Requirement: Would you set down the data that follows, word for word, without any pictures?

Material provided:
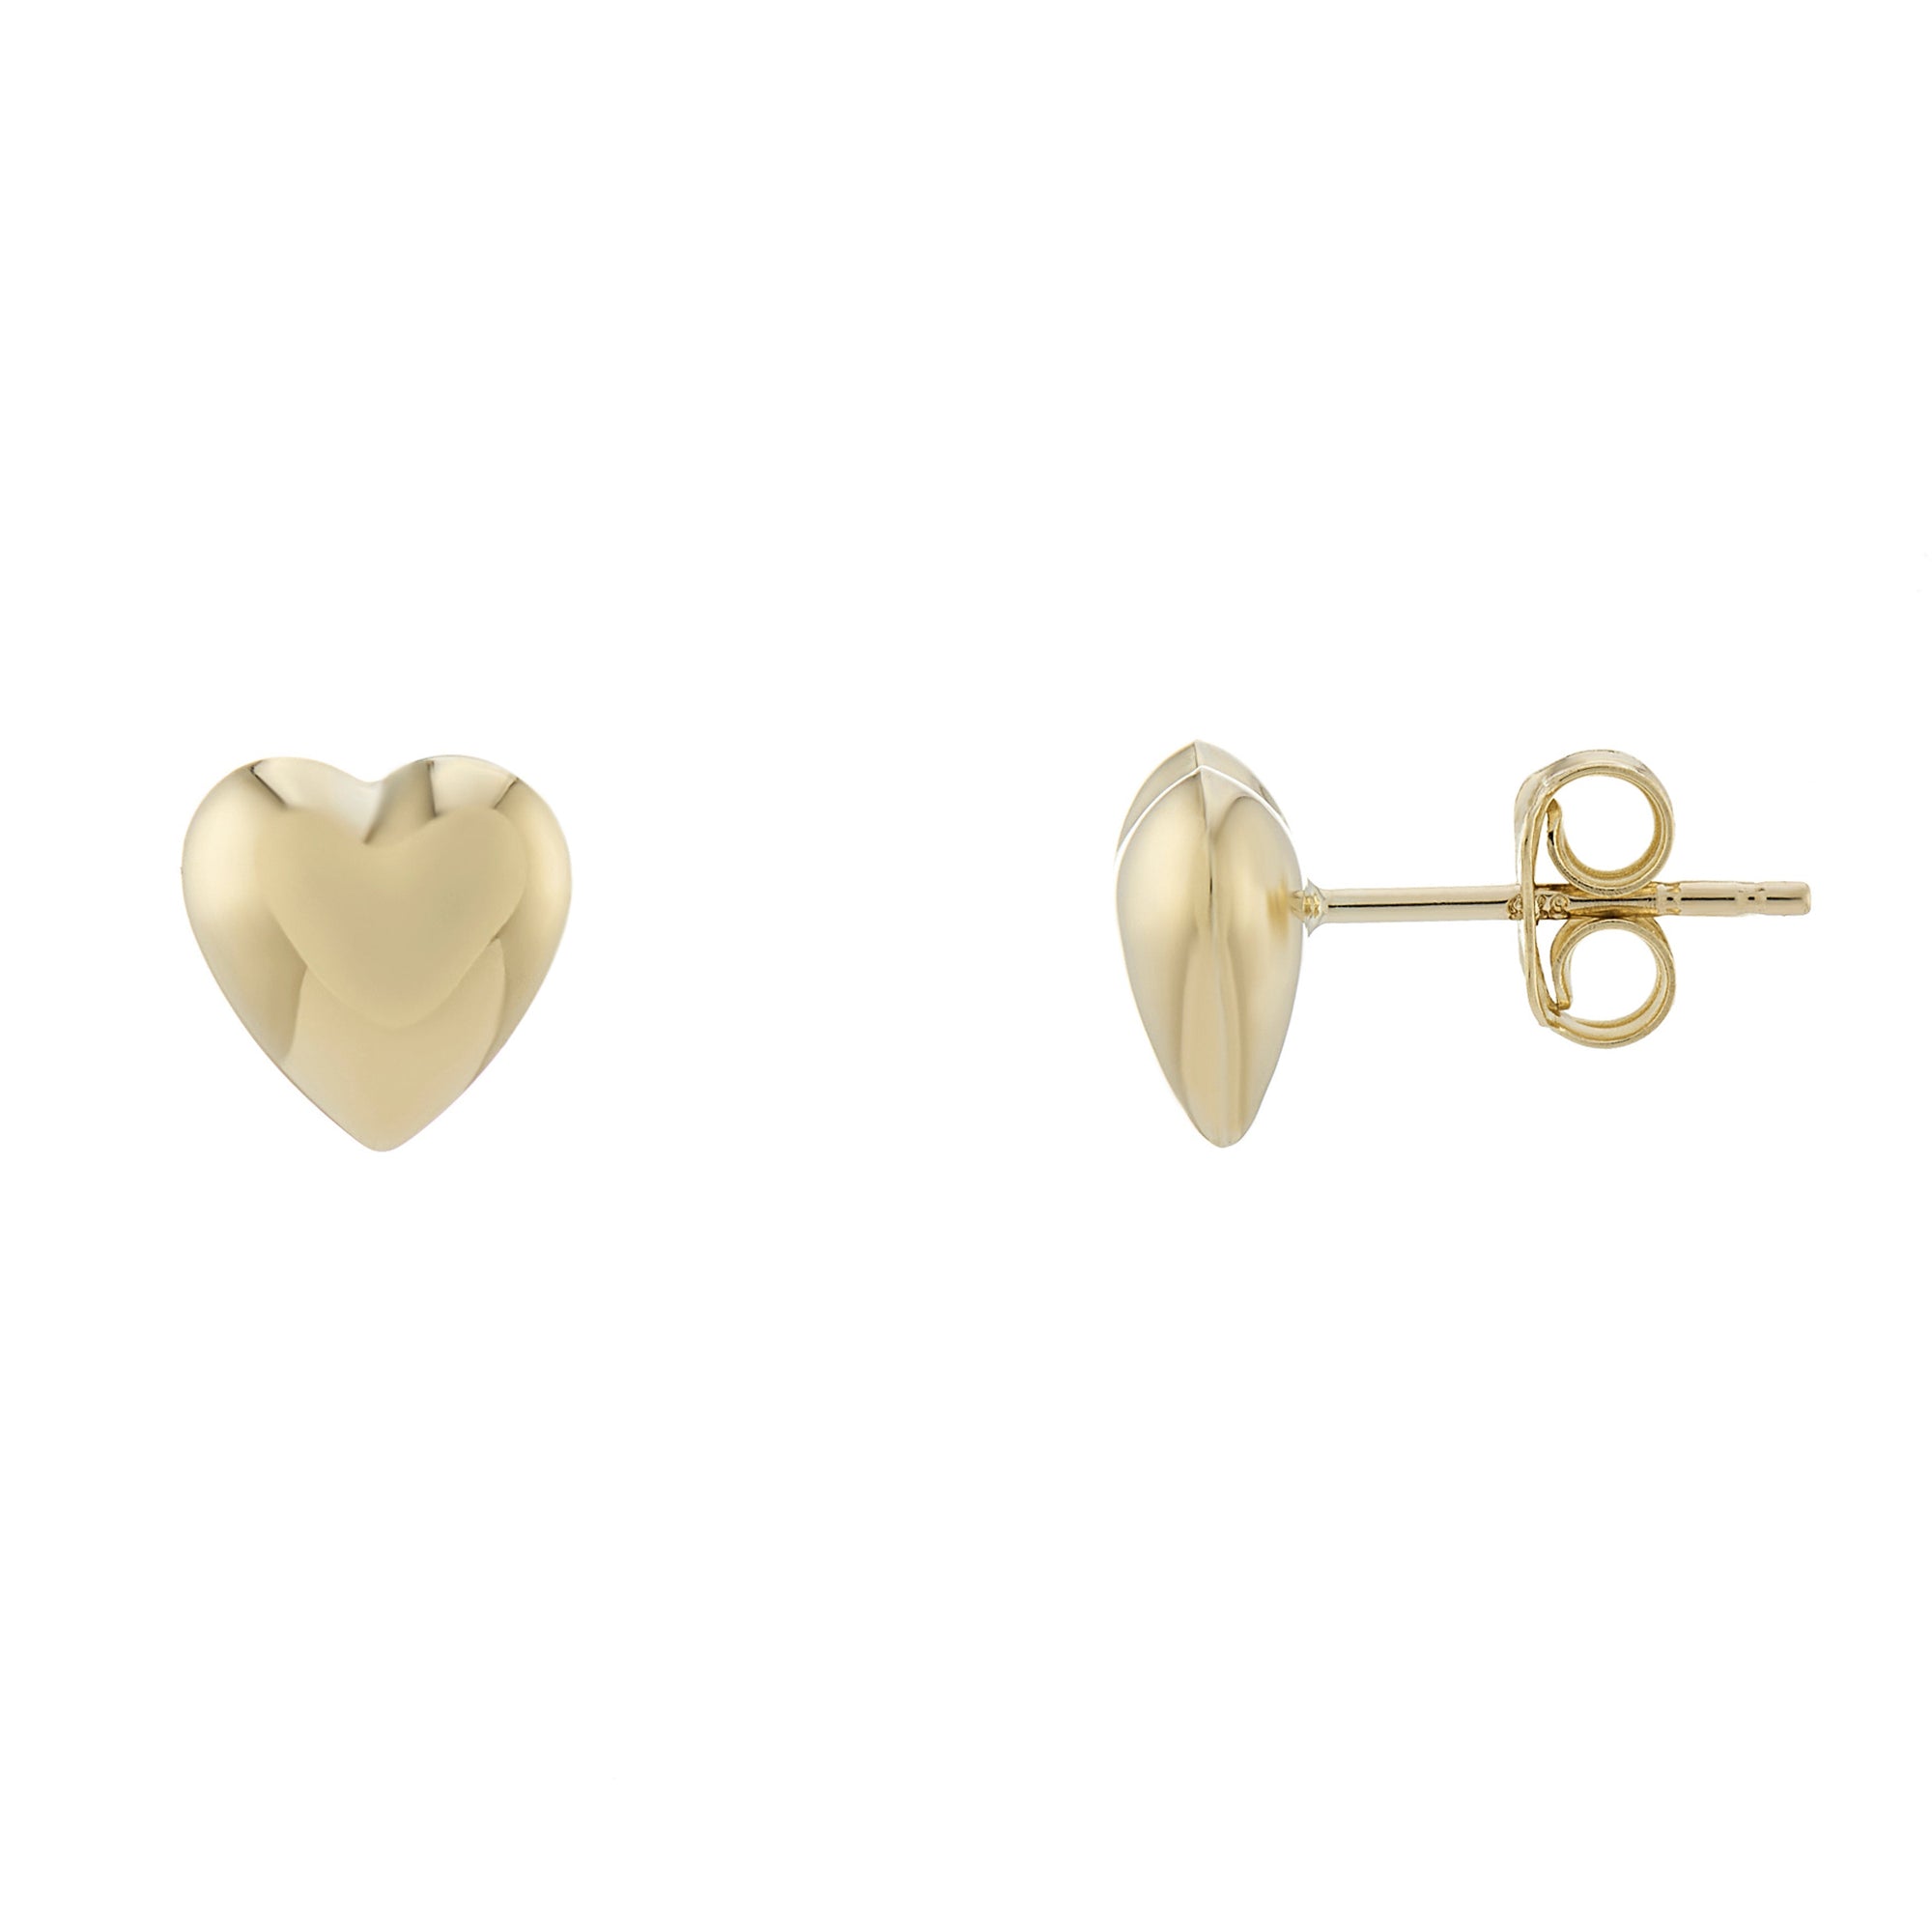 9ct gold 9mm plain heart stud earrings
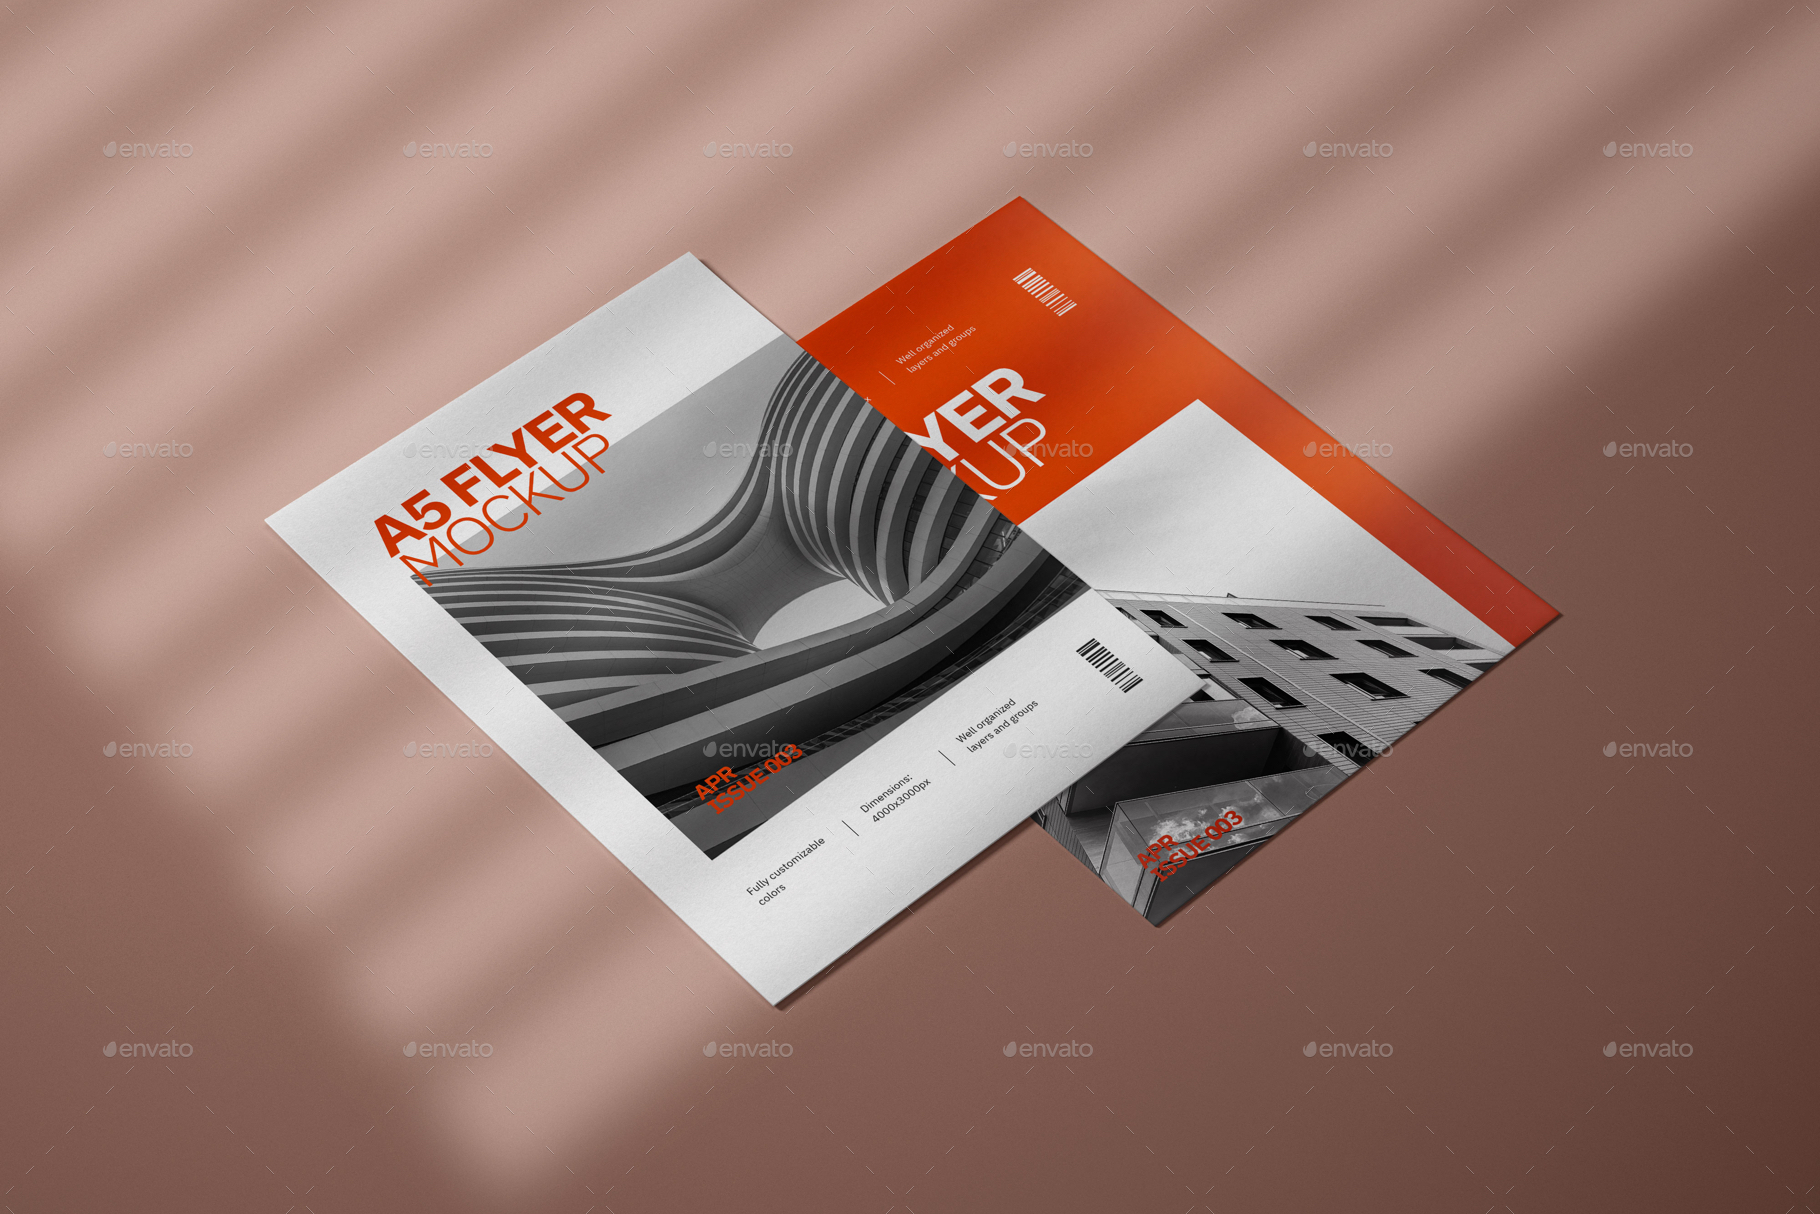 Download A5 Flyer Mockup Set by deeplabstudio | GraphicRiver
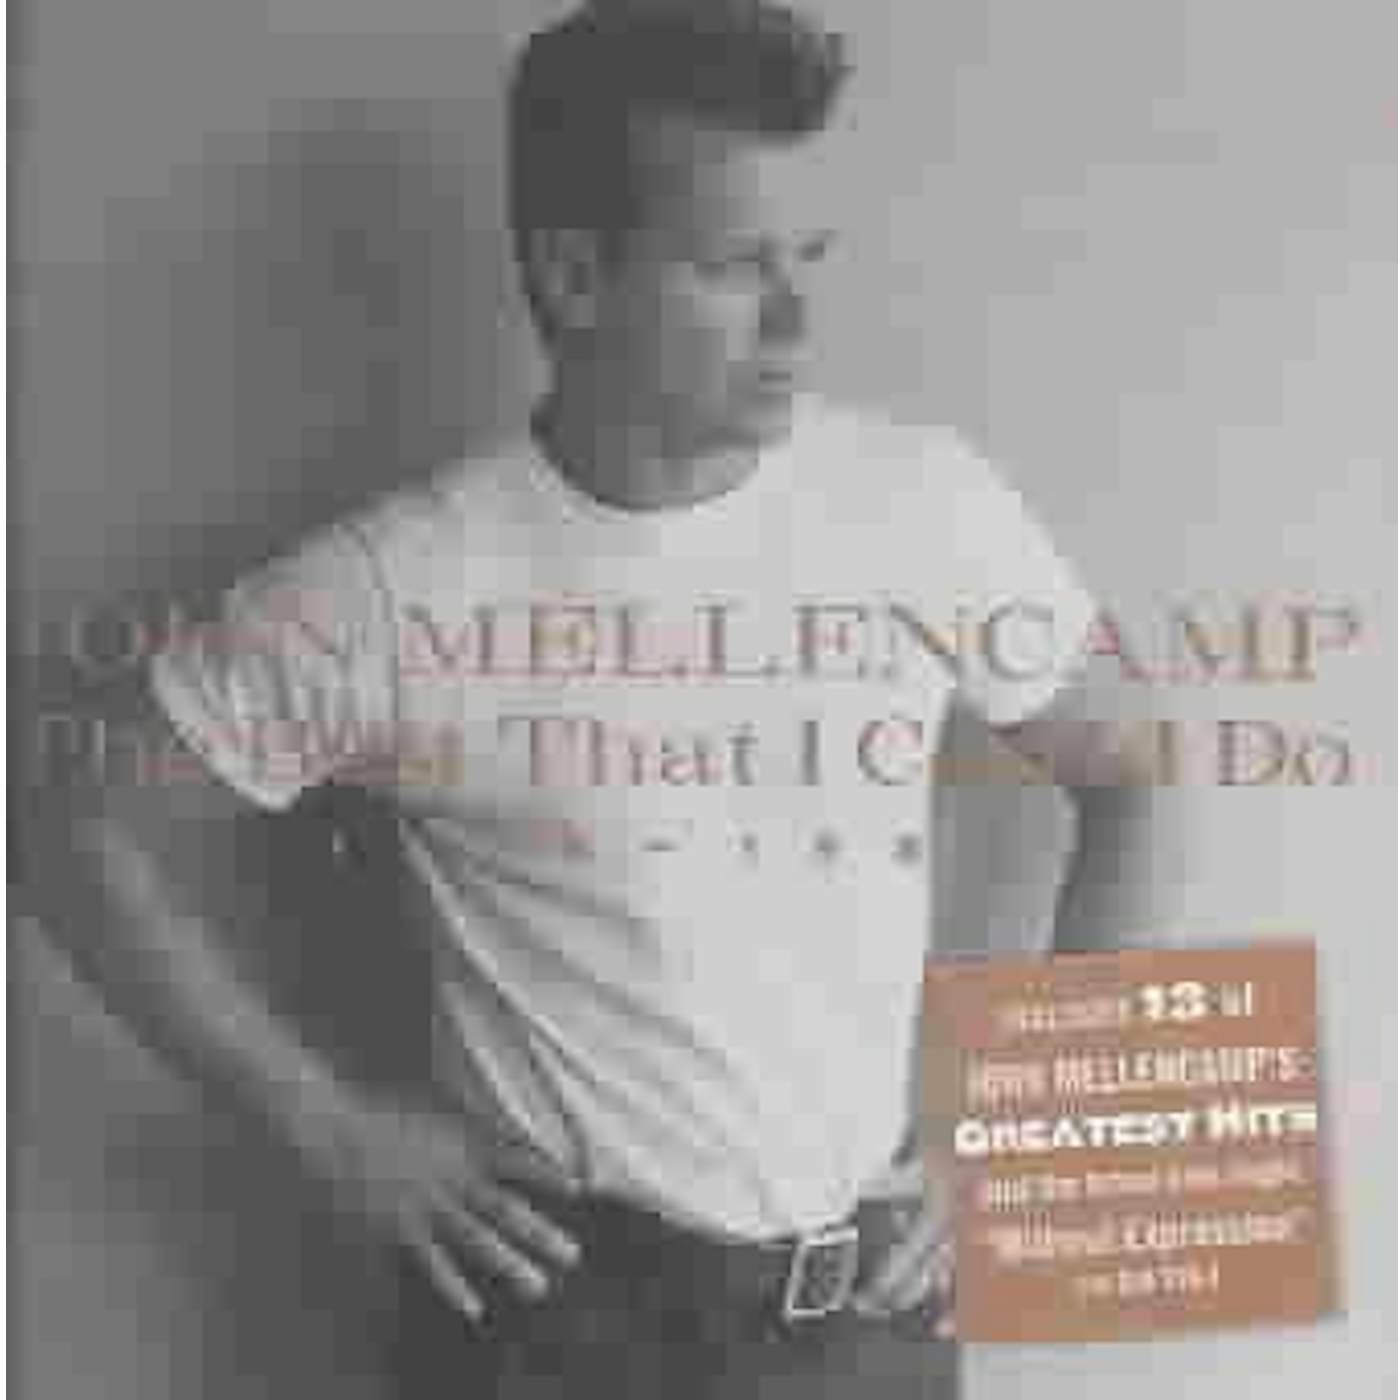 John Mellencamp BEST THAT I COULD DO 1978 - 1988 CD

Your response:
 9ct gold 9mm plain heart stud earrings
 Download A5 Flyer Mockup Set by deeplabstudio | GraphicRiver
 John Mellencamp BEST THAT I COULD DO 1978 - 1988 CD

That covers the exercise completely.